(Extracted records)
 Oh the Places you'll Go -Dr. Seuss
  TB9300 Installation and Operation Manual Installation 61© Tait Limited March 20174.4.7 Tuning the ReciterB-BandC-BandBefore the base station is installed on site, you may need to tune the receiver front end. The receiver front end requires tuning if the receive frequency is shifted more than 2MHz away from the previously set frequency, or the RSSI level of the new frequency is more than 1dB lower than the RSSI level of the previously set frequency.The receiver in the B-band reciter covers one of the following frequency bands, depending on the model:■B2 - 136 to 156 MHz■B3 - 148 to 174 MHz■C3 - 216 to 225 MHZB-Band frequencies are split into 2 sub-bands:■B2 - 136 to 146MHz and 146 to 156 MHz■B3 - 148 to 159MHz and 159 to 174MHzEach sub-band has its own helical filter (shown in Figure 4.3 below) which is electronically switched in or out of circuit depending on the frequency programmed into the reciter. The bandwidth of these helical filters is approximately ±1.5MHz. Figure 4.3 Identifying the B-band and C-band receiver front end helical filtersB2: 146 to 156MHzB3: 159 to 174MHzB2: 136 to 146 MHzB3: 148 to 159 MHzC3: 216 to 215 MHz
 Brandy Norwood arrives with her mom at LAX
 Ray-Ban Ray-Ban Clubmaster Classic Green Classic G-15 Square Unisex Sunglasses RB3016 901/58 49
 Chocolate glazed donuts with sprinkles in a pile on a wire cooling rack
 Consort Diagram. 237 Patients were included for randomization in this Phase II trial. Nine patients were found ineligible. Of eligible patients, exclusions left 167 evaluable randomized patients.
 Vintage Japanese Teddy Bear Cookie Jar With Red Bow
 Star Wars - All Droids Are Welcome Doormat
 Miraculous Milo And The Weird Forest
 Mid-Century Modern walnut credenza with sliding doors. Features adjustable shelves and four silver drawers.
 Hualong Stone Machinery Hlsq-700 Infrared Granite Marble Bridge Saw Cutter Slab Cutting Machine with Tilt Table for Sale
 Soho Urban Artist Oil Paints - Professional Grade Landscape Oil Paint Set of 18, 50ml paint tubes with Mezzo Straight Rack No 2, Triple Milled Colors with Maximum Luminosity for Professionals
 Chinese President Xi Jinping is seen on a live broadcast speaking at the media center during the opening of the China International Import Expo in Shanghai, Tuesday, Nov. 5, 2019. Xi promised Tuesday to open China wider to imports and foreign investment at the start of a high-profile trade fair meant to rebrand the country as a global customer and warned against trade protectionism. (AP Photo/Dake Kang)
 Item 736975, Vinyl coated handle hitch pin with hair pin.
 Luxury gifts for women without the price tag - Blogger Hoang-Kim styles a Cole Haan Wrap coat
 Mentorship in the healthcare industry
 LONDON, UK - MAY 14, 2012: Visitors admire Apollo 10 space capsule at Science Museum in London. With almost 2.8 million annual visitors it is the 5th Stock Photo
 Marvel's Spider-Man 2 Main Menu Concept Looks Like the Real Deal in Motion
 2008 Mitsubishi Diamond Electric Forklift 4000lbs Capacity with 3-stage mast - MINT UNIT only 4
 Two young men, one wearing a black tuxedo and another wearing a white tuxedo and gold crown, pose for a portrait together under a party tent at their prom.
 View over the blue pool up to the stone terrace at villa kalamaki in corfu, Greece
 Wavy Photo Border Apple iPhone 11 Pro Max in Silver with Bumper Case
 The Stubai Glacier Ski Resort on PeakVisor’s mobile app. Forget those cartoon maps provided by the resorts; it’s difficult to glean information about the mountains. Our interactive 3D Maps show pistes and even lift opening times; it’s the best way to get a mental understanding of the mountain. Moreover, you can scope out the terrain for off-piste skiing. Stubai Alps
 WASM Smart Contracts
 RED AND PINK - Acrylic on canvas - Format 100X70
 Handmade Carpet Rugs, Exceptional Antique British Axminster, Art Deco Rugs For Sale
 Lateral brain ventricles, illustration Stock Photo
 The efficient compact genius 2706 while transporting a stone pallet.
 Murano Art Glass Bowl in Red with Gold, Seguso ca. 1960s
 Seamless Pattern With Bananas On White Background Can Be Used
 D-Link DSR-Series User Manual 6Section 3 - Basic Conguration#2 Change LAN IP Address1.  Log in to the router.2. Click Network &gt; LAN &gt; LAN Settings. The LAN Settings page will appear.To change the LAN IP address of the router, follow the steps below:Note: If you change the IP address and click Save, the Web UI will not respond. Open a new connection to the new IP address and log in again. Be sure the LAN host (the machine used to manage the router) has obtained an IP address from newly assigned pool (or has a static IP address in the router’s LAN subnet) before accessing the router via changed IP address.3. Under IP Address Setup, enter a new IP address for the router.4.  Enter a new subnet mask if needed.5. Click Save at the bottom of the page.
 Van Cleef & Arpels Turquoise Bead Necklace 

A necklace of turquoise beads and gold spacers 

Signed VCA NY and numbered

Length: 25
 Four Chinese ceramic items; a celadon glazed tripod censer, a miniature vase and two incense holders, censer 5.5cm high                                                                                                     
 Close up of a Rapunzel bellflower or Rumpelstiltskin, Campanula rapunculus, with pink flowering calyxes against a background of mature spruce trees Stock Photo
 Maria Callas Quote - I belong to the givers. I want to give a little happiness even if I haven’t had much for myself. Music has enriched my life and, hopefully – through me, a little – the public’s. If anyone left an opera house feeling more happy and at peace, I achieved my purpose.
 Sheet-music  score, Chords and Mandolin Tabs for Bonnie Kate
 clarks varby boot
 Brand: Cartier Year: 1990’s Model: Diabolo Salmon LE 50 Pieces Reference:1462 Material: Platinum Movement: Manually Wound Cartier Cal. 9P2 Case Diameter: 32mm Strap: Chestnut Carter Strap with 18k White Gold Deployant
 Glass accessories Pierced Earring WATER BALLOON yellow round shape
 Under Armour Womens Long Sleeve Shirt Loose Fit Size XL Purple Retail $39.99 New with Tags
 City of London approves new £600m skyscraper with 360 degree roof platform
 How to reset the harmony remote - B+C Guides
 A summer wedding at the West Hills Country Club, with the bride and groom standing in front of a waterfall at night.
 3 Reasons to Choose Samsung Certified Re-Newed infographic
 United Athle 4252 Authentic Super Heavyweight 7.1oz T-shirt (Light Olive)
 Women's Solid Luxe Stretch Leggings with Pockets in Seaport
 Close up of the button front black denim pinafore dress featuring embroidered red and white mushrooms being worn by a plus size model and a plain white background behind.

**The task**
Reproduce all of the entries word for word. Omit nothing.

**Solved exercise**
 Oh the Places you'll Go -Dr. Seuss
  TB9300 Installation and Operation Manual Installation 61© Tait Limited March 20174.4.7 Tuning the ReciterB-BandC-BandBefore the base station is installed on site, you may need to tune the receiver front end. The receiver front end requires tuning if the receive frequency is shifted more than 2MHz away from the previously set frequency, or the RSSI level of the new frequency is more than 1dB lower than the RSSI level of the previously set frequency.The receiver in the B-band reciter covers one of the following frequency bands, depending on the model:■B2 - 136 to 156 MHz■B3 - 148 to 174 MHz■C3 - 216 to 225 MHZB-Band frequencies are split into 2 sub-bands:■B2 - 136 to 146MHz and 146 to 156 MHz■B3 - 148 to 159MHz and 159 to 174MHzEach sub-band has its own helical filter (shown in Figure 4.3 below) which is electronically switched in or out of circuit depending on the frequency programmed into the reciter. The bandwidth of these helical filters is approximately ±1.5MHz. Figure 4.3 Identifying the B-band and C-band receiver front end helical filtersB2: 146 to 156MHzB3: 159 to 174MHzB2: 136 to 146 MHzB3: 148 to 159 MHzC3: 216 to 215 MHz
 Brandy Norwood arrives with her mom at LAX
 Ray-Ban Ray-Ban Clubmaster Classic Green Classic G-15 Square Unisex Sunglasses RB3016 901/58 49
 Chocolate glazed donuts with sprinkles in a pile on a wire cooling rack
 Consort Diagram. 237 Patients were included for randomization in this Phase II trial. Nine patients were found ineligible. Of eligible patients, exclusions left 167 evaluable randomized patients.
 Vintage Japanese Teddy Bear Cookie Jar With Red Bow
 Star Wars - All Droids Are Welcome Doormat
 Miraculous Milo And The Weird Forest
 Mid-Century Modern walnut credenza with sliding doors. Features adjustable shelves and four silver drawers.
 Hualong Stone Machinery Hlsq-700 Infrared Granite Marble Bridge Saw Cutter Slab Cutting Machine with Tilt Table for Sale
 Soho Urban Artist Oil Paints - Professional Grade Landscape Oil Paint Set of 18, 50ml paint tubes with Mezzo Straight Rack No 2, Triple Milled Colors with Maximum Luminosity for Professionals
 Chinese President Xi Jinping is seen on a live broadcast speaking at the media center during the opening of the China International Import Expo in Shanghai, Tuesday, Nov. 5, 2019. Xi promised Tuesday to open China wider to imports and foreign investment at the start of a high-profile trade fair meant to rebrand the country as a global customer and warned against trade protectionism. (AP Photo/Dake Kang)
 Item 736975, Vinyl coated handle hitch pin with hair pin.
 Luxury gifts for women without the price tag - Blogger Hoang-Kim styles a Cole Haan Wrap coat
 Mentorship in the healthcare industry
 LONDON, UK - MAY 14, 2012: Visitors admire Apollo 10 space capsule at Science Museum in London. With almost 2.8 million annual visitors it is the 5th Stock Photo
 Marvel's Spider-Man 2 Main Menu Concept Looks Like the Real Deal in Motion
 2008 Mitsubishi Diamond Electric Forklift 4000lbs Capacity with 3-stage mast - MINT UNIT only 4
 Two young men, one wearing a black tuxedo and another wearing a white tuxedo and gold crown, pose for a portrait together under a party tent at their prom.
 View over the blue pool up to the stone terrace at villa kalamaki in corfu, Greece
 Wavy Photo Border Apple iPhone 11 Pro Max in Silver with Bumper Case
 The Stubai Glacier Ski Resort on PeakVisor’s mobile app. Forget those cartoon maps provided by the resorts; it’s difficult to glean information about the mountains. Our interactive 3D Maps show pistes and even lift opening times; it’s the best way to get a mental understanding of the mountain. Moreover, you can scope out the terrain for off-piste skiing. Stubai Alps
 WASM Smart Contracts
 RED AND PINK - Acrylic on canvas - Format 100X70
 Handmade Carpet Rugs, Exceptional Antique British Axminster, Art Deco Rugs For Sale
 Lateral brain ventricles, illustration Stock Photo
 The efficient compact genius 2706 while transporting a stone pallet.
 Murano Art Glass Bowl in Red with Gold, Seguso ca. 1960s
 Seamless Pattern With Bananas On White Background Can Be Used
 D-Link DSR-Series User Manual 6Section 3 - Basic Conguration#2 Change LAN IP Address1.  Log in to the router.2. Click Network &gt; LAN &gt; LAN Settings. The LAN Settings page will appear.To change the LAN IP address of the router, follow the steps below:Note: If you change the IP address and click Save, the Web UI will not respond. Open a new connection to the new IP address and log in again. Be sure the LAN host (the machine used to manage the router) has obtained an IP address from newly assigned pool (or has a static IP address in the router’s LAN subnet) before accessing the router via changed IP address.3. Under IP Address Setup, enter a new IP address for the router.4.  Enter a new subnet mask if needed.5. Click Save at the bottom of the page.
 Van Cleef & Arpels Turquoise Bead Necklace 

A necklace of turquoise beads and gold spacers 

Signed VCA NY and numbered

Length: 25
 Four Chinese ceramic items; a celadon glazed tripod censer, a miniature vase and two incense holders, censer 5.5cm high                                                                                                     
 Close up of a Rapunzel bellflower or Rumpelstiltskin, Campanula rapunculus, with pink flowering calyxes against a background of mature spruce trees Stock Photo
 Maria Callas Quote - I belong to the givers. I want to give a little happiness even if I haven’t had much for myself. Music has enriched my life and, hopefully – through me, a little – the public’s. If anyone left an opera house feeling more happy and at peace, I achieved my purpose.
 Sheet-music  score, Chords and Mandolin Tabs for Bonnie Kate
 clarks varby boot
 Brand: Cartier Year: 1990’s Model: Diabolo Salmon LE 50 Pieces Reference:1462 Material: Platinum Movement: Manually Wound Cartier Cal. 9P2 Case Diameter: 32mm Strap: Chestnut Carter Strap with 18k White Gold Deployant
 Glass accessories Pierced Earring WATER BALLOON yellow round shape
 Under Armour Womens Long Sleeve Shirt Loose Fit Size XL Purple Retail $39.99 New with Tags
 City of London approves new £600m skyscraper with 360 degree roof platform
 How to reset the harmony remote - B+C Guides
 A summer wedding at the West Hills Country Club, with the bride and groom standing in front of a waterfall at night.
 3 Reasons to Choose Samsung Certified Re-Newed infographic
 United Athle 4252 Authentic Super Heavyweight 7.1oz T-shirt (Light Olive)
 Women's Solid Luxe Stretch Leggings with Pockets in Seaport
 Close up of the button front black denim pinafore dress featuring embroidered red and white mushrooms being worn by a plus size model and a plain white background behind.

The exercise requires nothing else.